Problem to solve -
Each line from the one containing "3.7V 70mAh 302020" through the last line of the data below should be printed exactly, please, with any pictures omitted.

Source data -
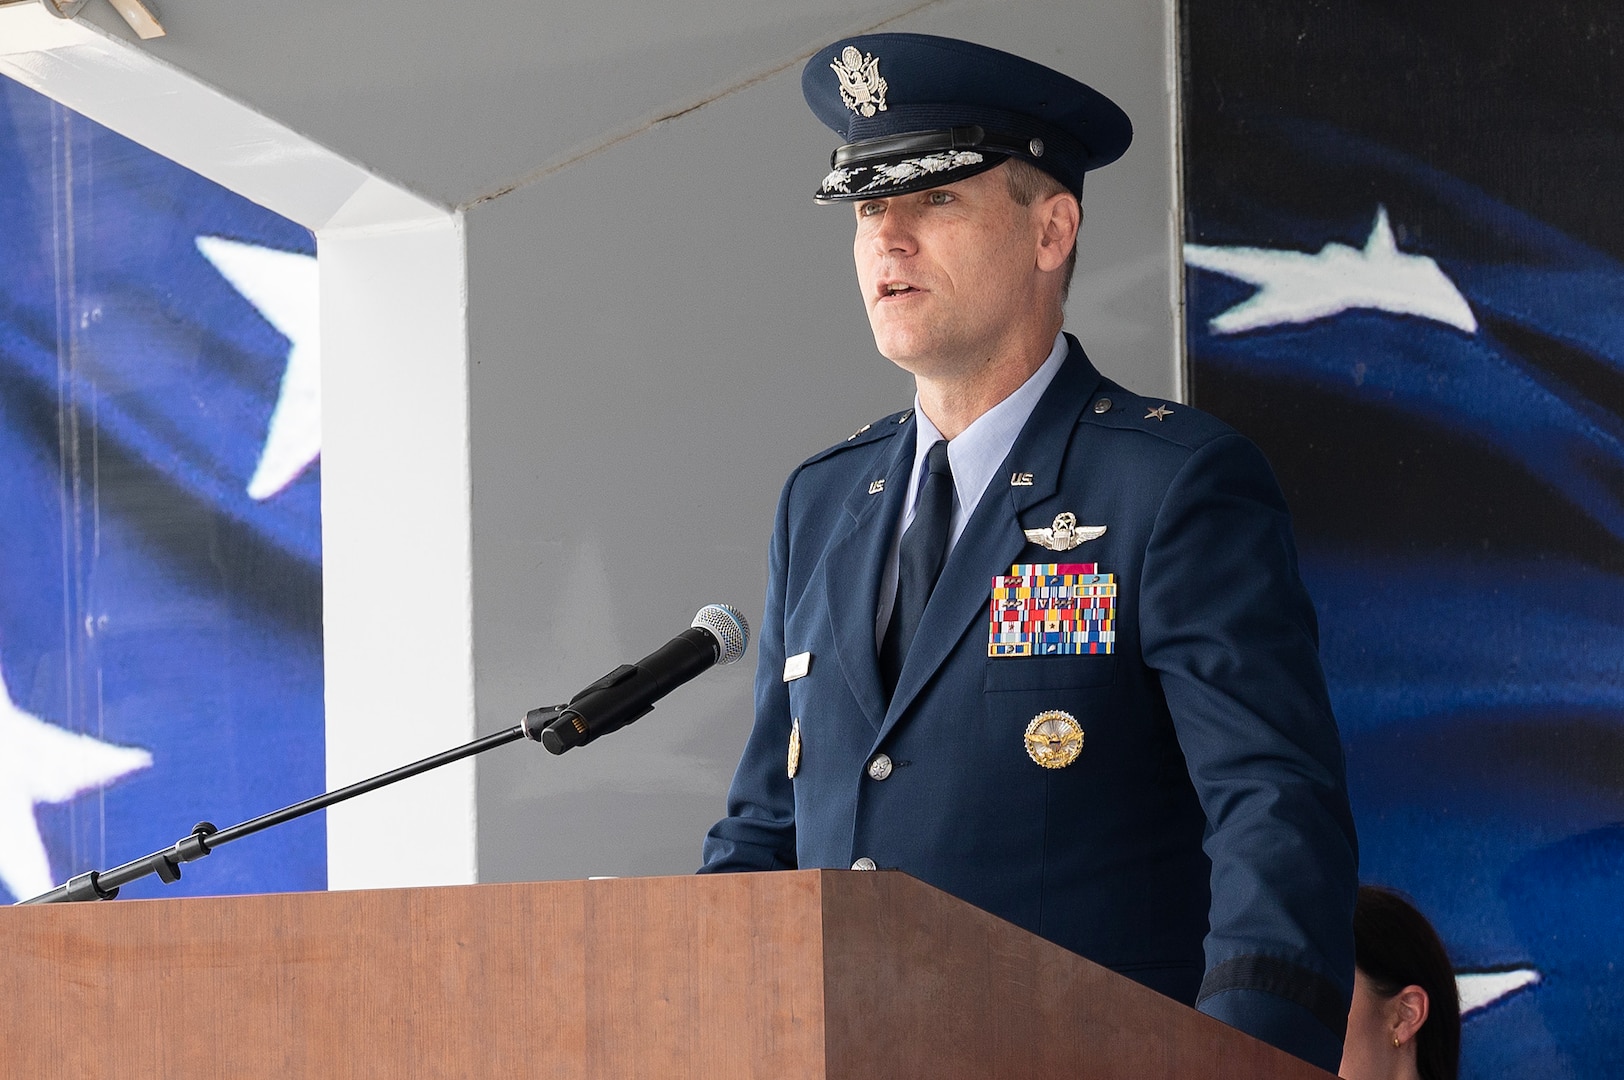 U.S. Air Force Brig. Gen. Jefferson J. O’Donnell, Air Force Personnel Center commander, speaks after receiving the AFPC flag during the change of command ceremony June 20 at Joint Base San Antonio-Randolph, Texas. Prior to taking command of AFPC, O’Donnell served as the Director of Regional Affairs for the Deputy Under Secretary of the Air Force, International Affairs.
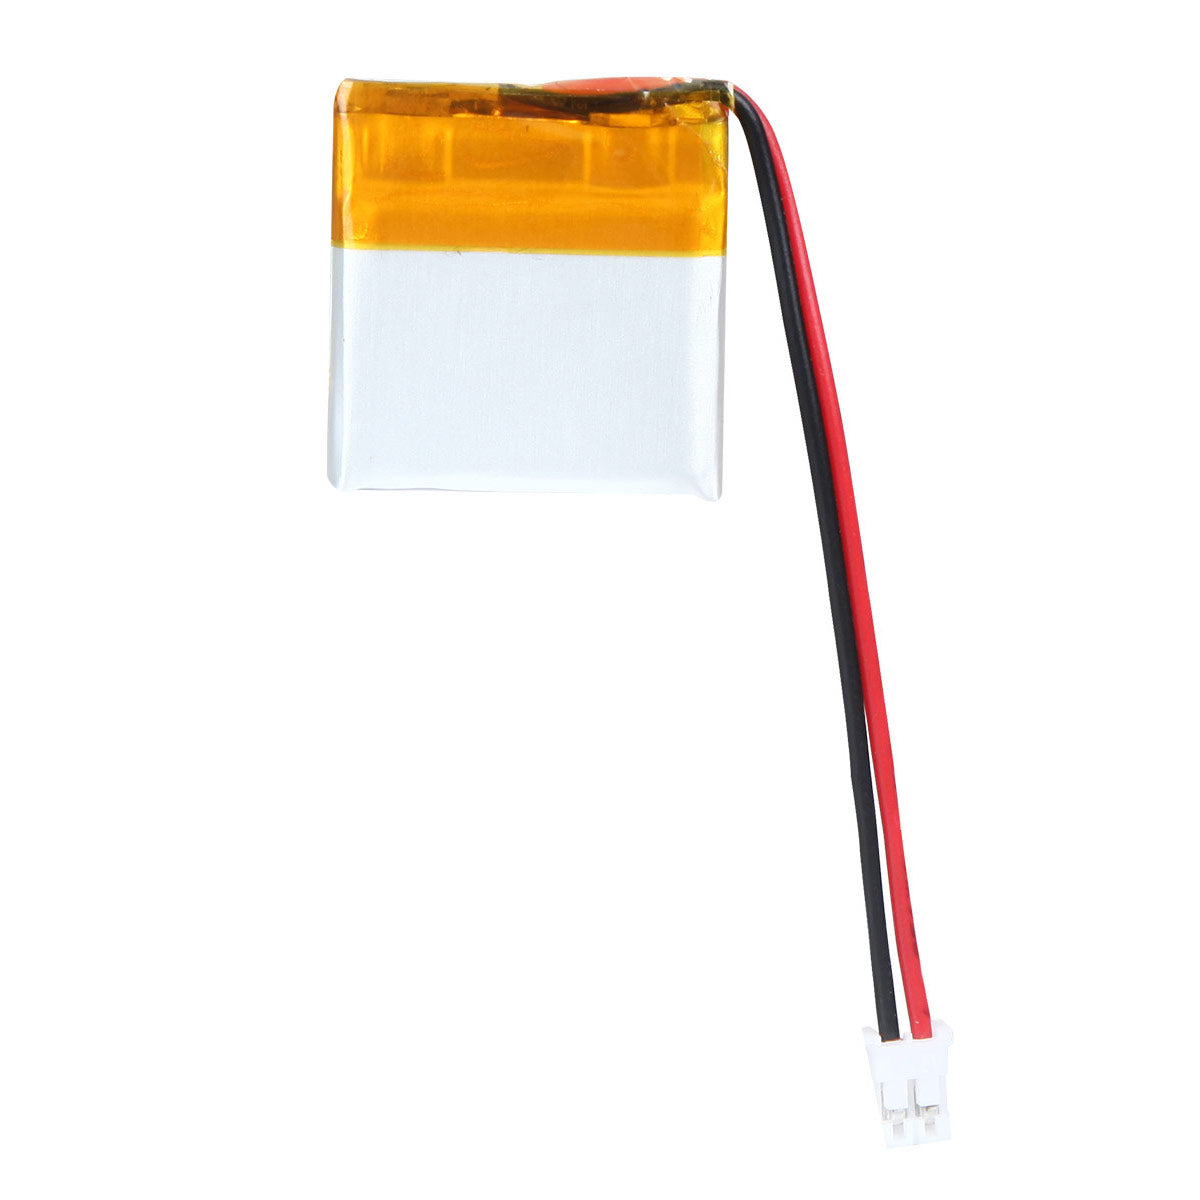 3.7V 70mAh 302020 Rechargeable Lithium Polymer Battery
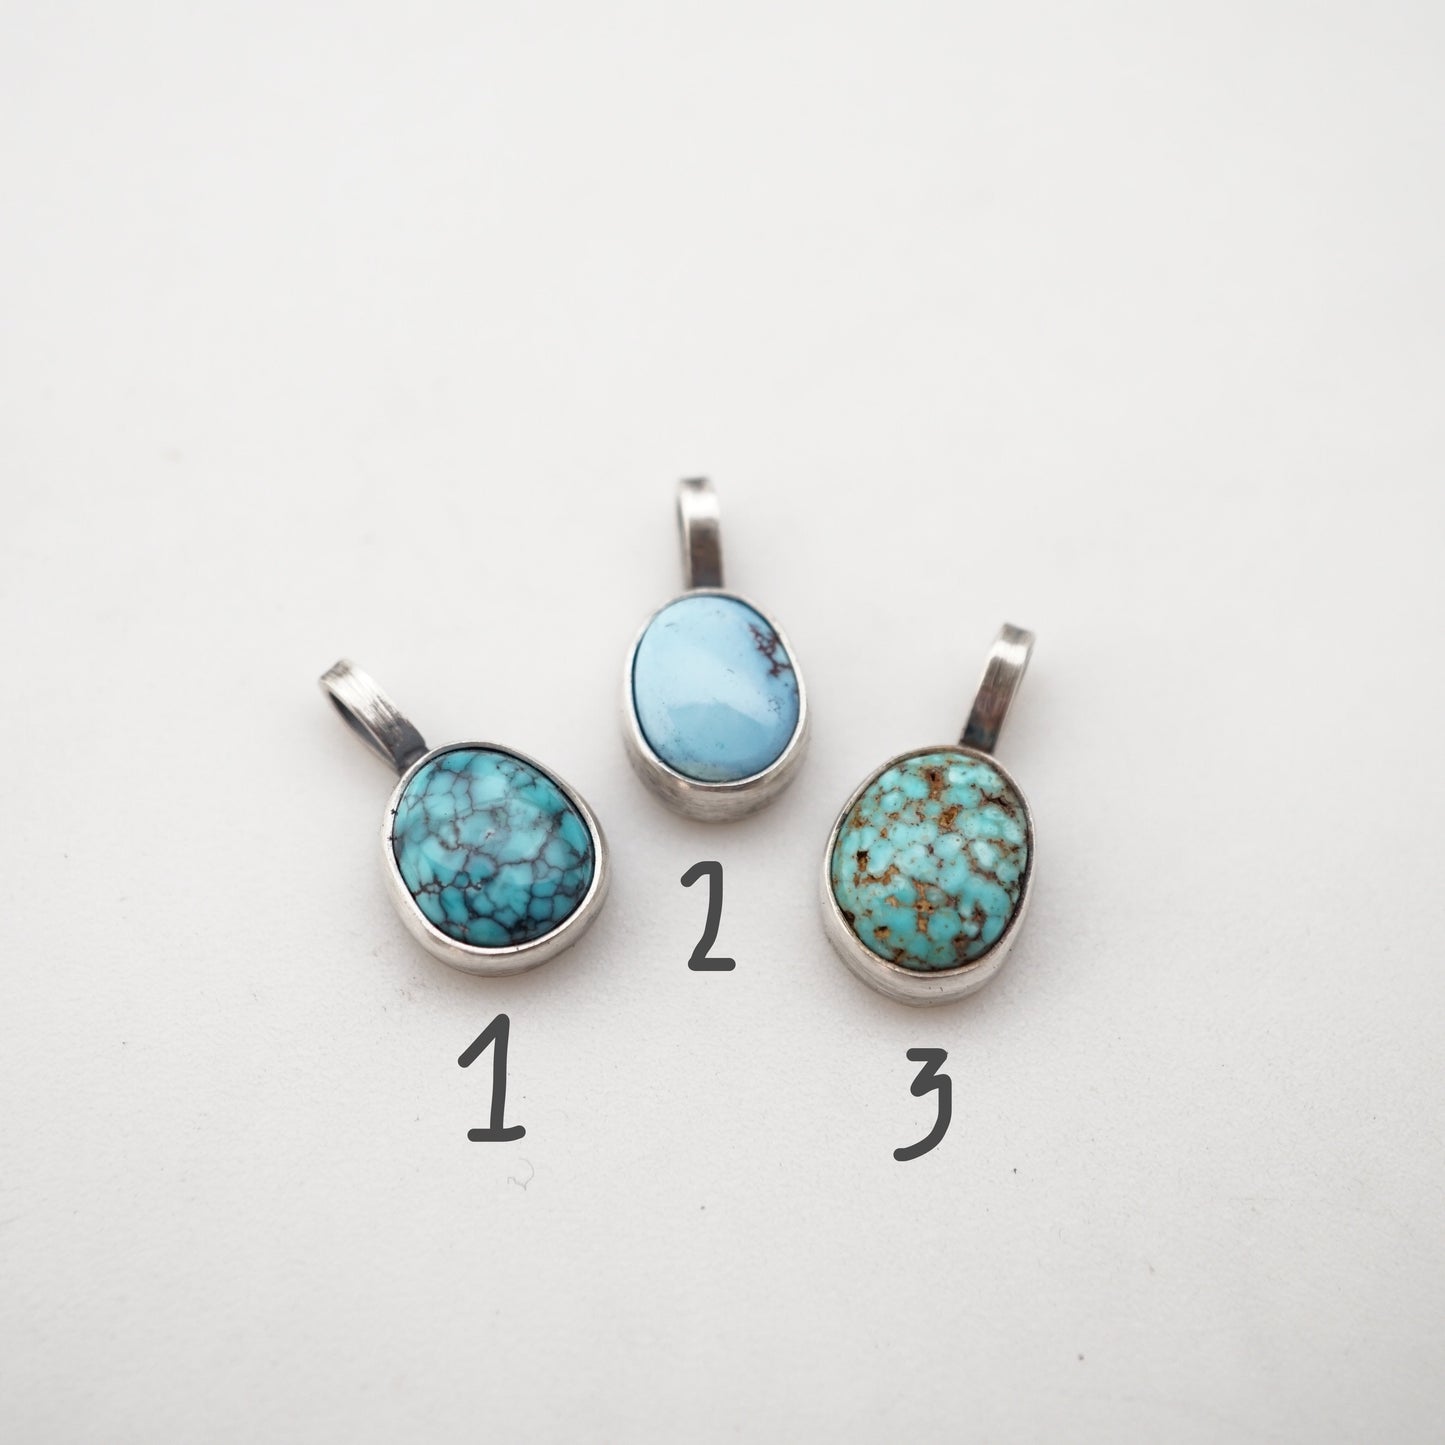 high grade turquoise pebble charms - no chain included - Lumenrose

Solution to this task -
 3.7V 70mAh 302020 Rechargeable Lithium Polymer Battery
 high grade turquoise pebble charms - no chain included - Lumenrose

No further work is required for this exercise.